With OpenTx and a properly CAL'd setup, you can easily check for problems - go into CAL mode and see if the calibrated neutrals have changed. If the drift is small, it's not necessary to do a full recalibration - simply adjust PPM Centre for the affected outputs (do this while still in CAL mode). This will offset the whole servo response. Once you exit CAL mode, any trim offsets will be restored.

By doing a quick CAL check before every flying session, you can ensure that your trim offsets are consistent, regardless of mechanical or temperature issues.

Avoid Autotrim

OpenTx allows you to re-centre your trims, by moving the offsets to SUBTRIM. Obviously, using this feature will trash your calibration. Avoid!

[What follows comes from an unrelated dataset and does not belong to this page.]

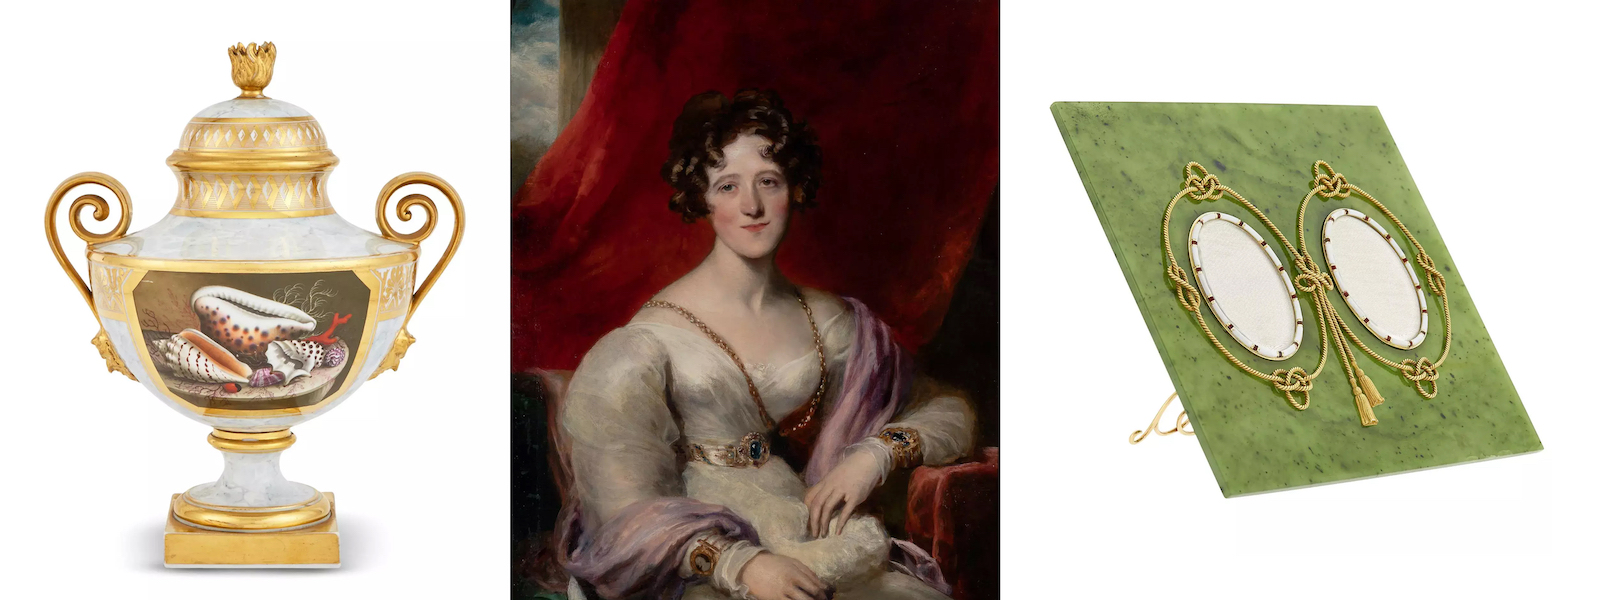 Left, Worcester porcelain covered two-handled urn by Flight Barr and Barr, $10,710; center, Thomas Lawrence’s 1827 portrait of Mary-Anne Capel, $15,120; right, Faberge nephrite double photograph frame by Henrik Wigstrom, $34,650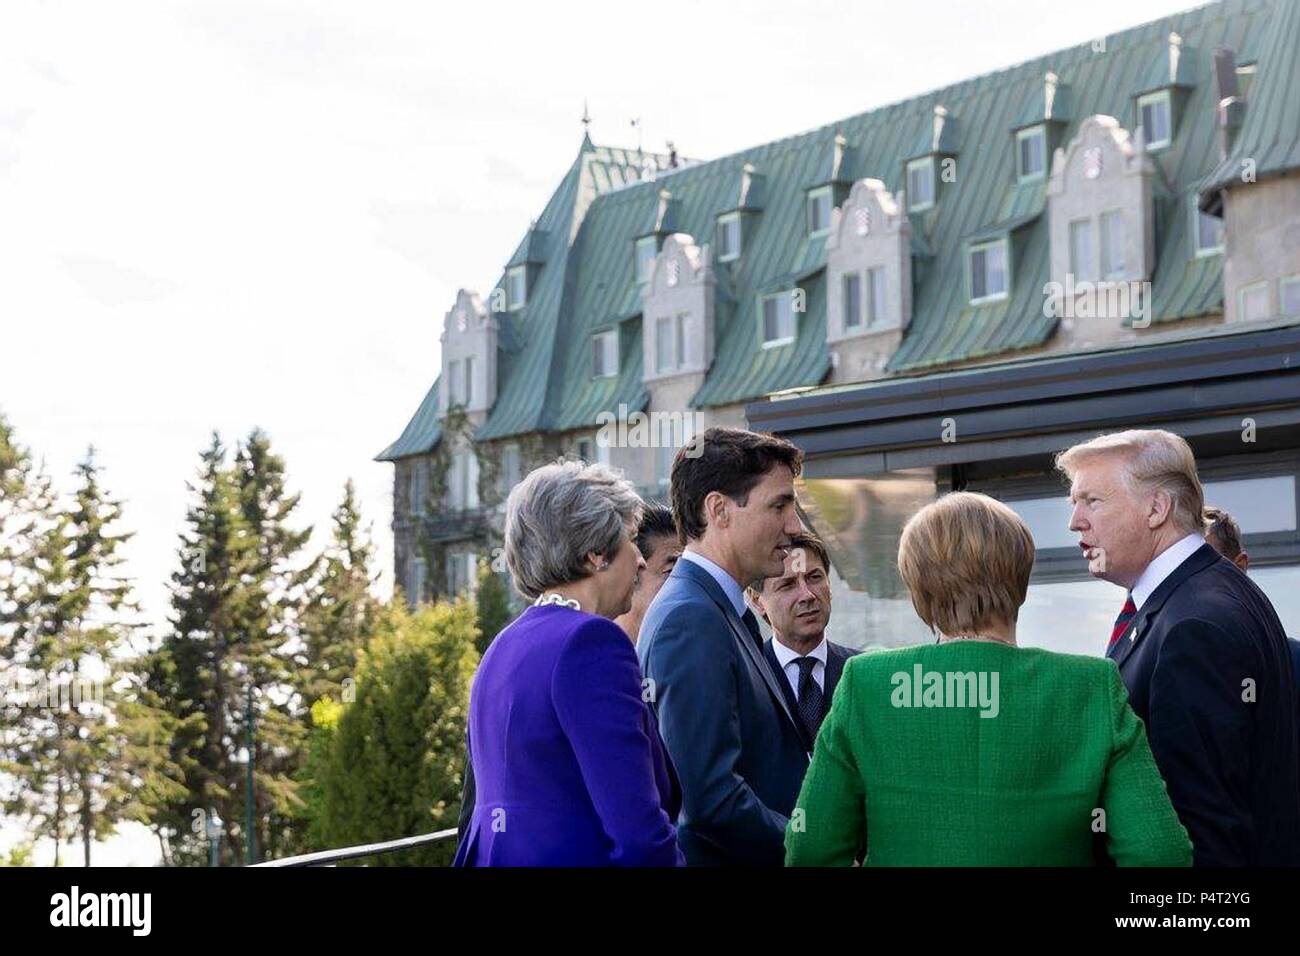 U.S. President Donald Trump, right, chats with Canadian Prime Minister Justin Trudeau, Italian Prime Minister Giuseppe Conte, German Chancellor Angela Merkel and British Prime Minister Theresa May, right during a working lunch at the G7 Summit June 8, 2018 in Charlevoix, Quebec, Canada. Stock Photo

Use GVARs and cascading mixers

With a calibrated setup, the weights for left- and right-side mixers will be identical. You can take advantage of this by using GVARs and cascading mixers in your design. Both methods offer the possiblity of a single menu point for your mixer adjustments, instead of having to adjust left- and right- sides individually. This is a great time saver, and will also simplify your design.

Extended LIMITS

[To be expanded.]

Calibration the easy way

All the canned setups published on this site have CAL mode already built-in, protected against accidental operation.